Günümüzün pandemi koşullarında “evde hayat var” sloganının kimi abat kimi zelil ettiği ortaya saçılan aşırı sömürüde, hatta şiddette net olarak yansımaktadır. Olağan dönemlerde profesyonel iş ile ev işi arasında parçalanan kadın, pandemi koşulunda evde aşırı profesyonel yük ve ev işi ile eskisinden daha da ağır yük altına girmiş bulunmaktadır. Bu arada az sayıda sosyolojik çalışmalar da evde vakit geçiren erkeklerin de can sıkıntısını, şiddet de dâhil olarak, başka yollardan eşi üzerinden çıkarmaya çalışmaya yönelmekte olduğunu göstermektedir. Bu acı tabloları ileri dönemlerde yapılacak olan günümüz deneyimlerine ait sosyal çalışmalardan daha da detaylı öğreniyor olacağız.

Her daim kadına yönelik şiddetin ana nüvesinin anne olarak erkek çocuklarını terbiye sistemi ile bizzat kadınlardan kaynaklandığı ileri sürülmektedir. Bu konu beni aştığı halde, genel analiz yöntemi ile meseleye şöyle bir yaklaşım yapılmasının hatalı olmayacağımı düşünüyorum. Hiçbir olay sonuç olgusu ile değil, süreçle değerlendirilmesi gerektiği kanatlıyla, kadınların gerek kayınvalide olduğu dönemlerindeki gerek erkek çocukları eğitimdeki rolleriyle, son tahlilde kadınlar üzerindeki eril dokunun farklı dönemlerdeki yansımalarından başka bir şey değildir. Açık ve örtülü şekilde eril baskı altına alınan kadınlar kendilerini en güçlü hissettikleri durumda görece güç gösterisine yönelirler, destek alabilecekleri koşulda da maharetlerini sergilerler. Görülüyor ki, böylesi eril doku baskısı sonucu olan istisnai durumlarda da kadınların suçlanması, özellikle de bu suçun bizzat kadınlar tarafından yapılması affedilir bir gaf değildir, tam bir cehalet manzarasıdır.

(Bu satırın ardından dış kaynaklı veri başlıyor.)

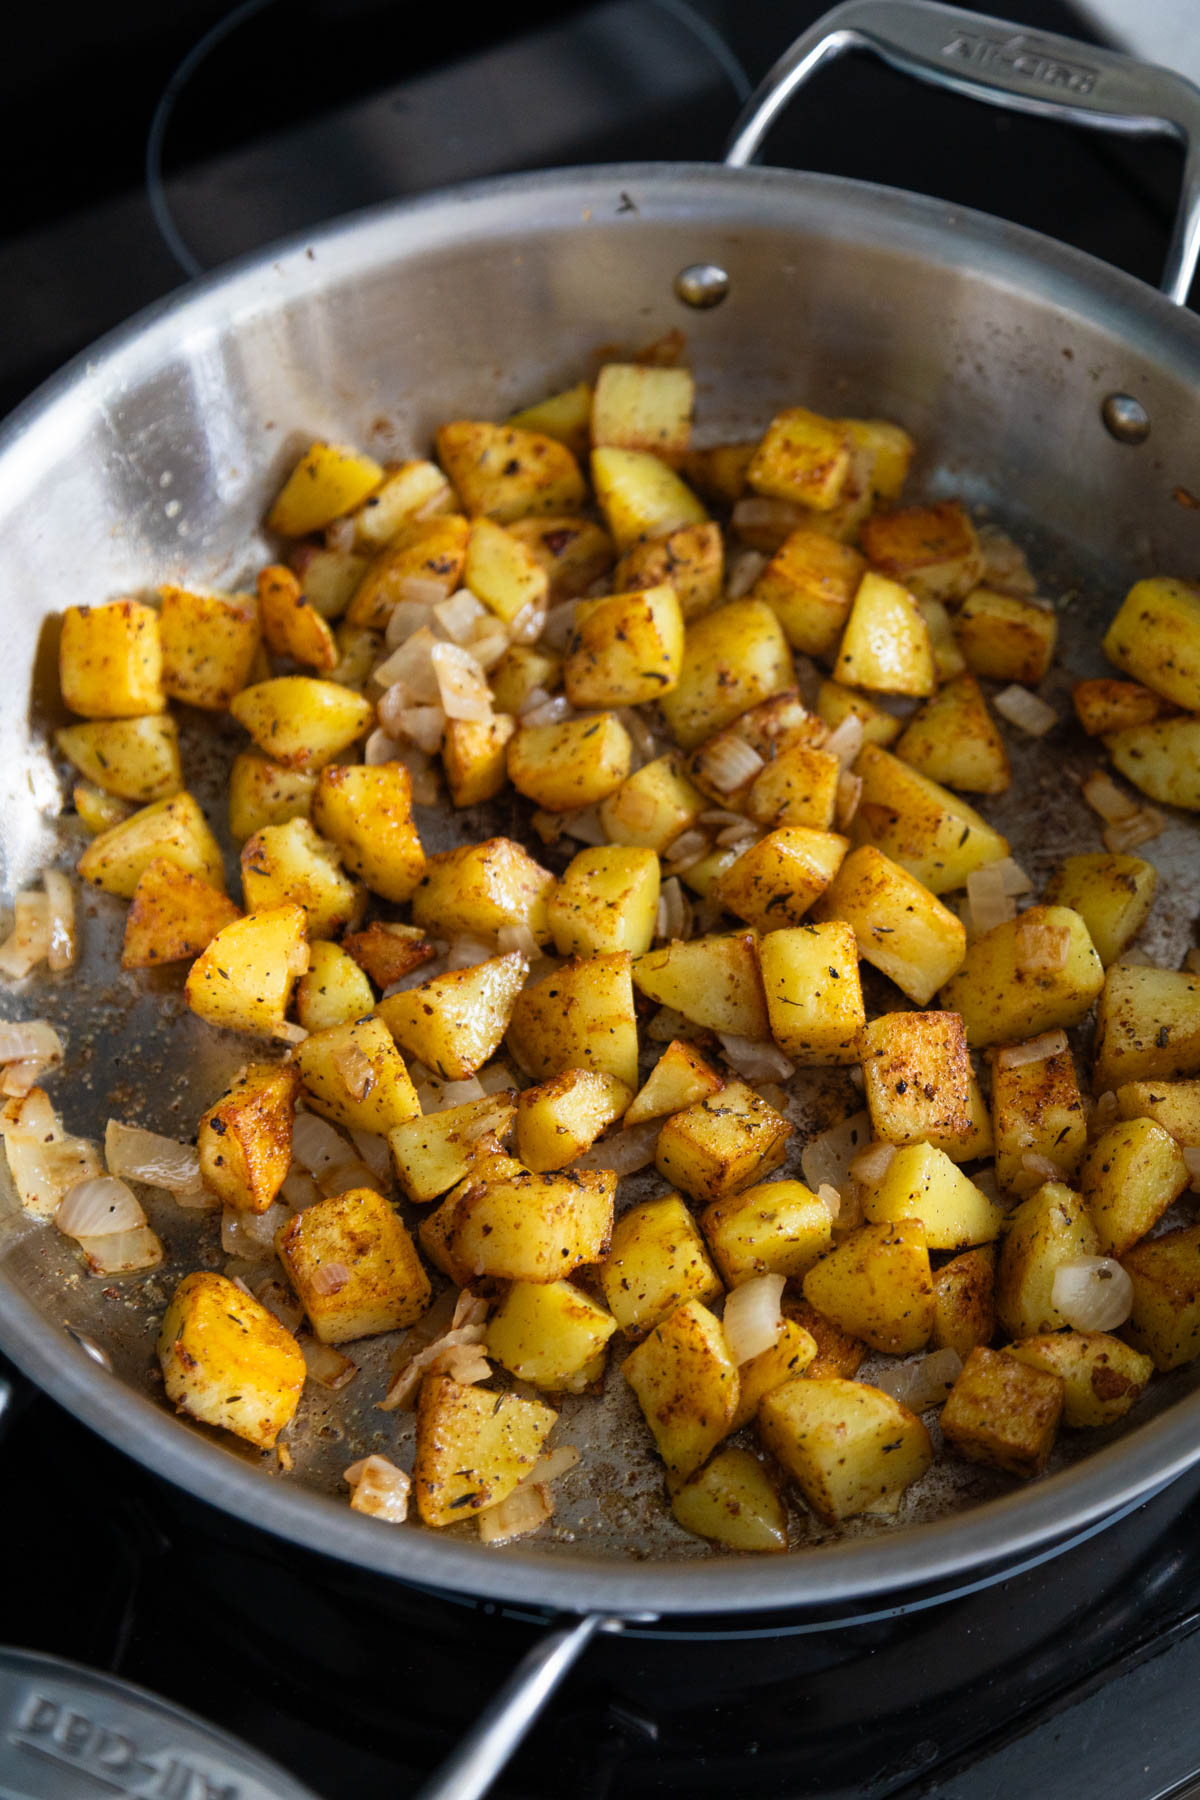 The crispy breakfast potatoes are in a skillet. They are golden brown and you can see the seasonings on top.

Muhafazakâr kesimin kadınların anamız ya da bacımız olduğu şeklindeki ifadelerinin, daha da ileri giderek cennetin annelerin ayakları altında olduğu gibi yaklaşımlarının tarihsel kökeninden uzaklaştırılarak günümüze taşınması cehalet ya da sahteciliğin dik alasıdır. Bu ifadelerin bazıları gerçek olanın anlatımdır, yani totolojidir, bazıları ise abartılı şekilde, eril dokunun en derin hissedilişin korkunç baskılanmasıdır. Bilinenin tekrarı bir şey anlatmadığı halde, böylesi basit gerçekliğin çözümlenmesi ve yorumlanması gereken ikinci söylemle birlikte kullanılması cehaletin fark edemediği psikolojisinin suçu gizleme patolojisinden kaynaklanmaktadır. Medeni insanın böylesi yapmacık ve perdeleyici ifadelere girmesine hiç gerek kalmadan, durumu kabul edip, eşitliği tüm insancıl yönleriyle kabul edip, iş, arkadaşlık ya da eş ev aşk ilişkilerinde tüm taraflar karşıya olduğu kadar, kendisine de saygıyla hareket etmek ve tüm davranışını böyle ayarlamak durumunda olmalıdır.

Saygı, salt karşıya karşı duyulan bir his, algı ve onların tetiklediği bir davranış kodu değildir. İş, eş, aşk ve arkadaşlık alanlarının her alanında ve her kademesinde karşıya verilebilecek en güçlü ve samimi ifade sadece ve sadece bireyin kendisine beslediği saygı ile olanaklıdır. Özsaygı olmadan karşıya gösterilen saygı bir süre sonra yaldızları dökülecek göstermelik ve sahte olmanın ötesine geçemez. Kendisine saygı duymayan kişinin ne iş ilişkisinde, ne aile ilişkisinde ne de arkadaşlık ve aşk ilişkinde samimiyetine ve güvenilirliğine itibar edilir.

Emekçi Kadınlar Gününde de erkeklerin önce kendilerine saygı duymaları ve eril canavarlığı gözden geçirmeleri gerekir.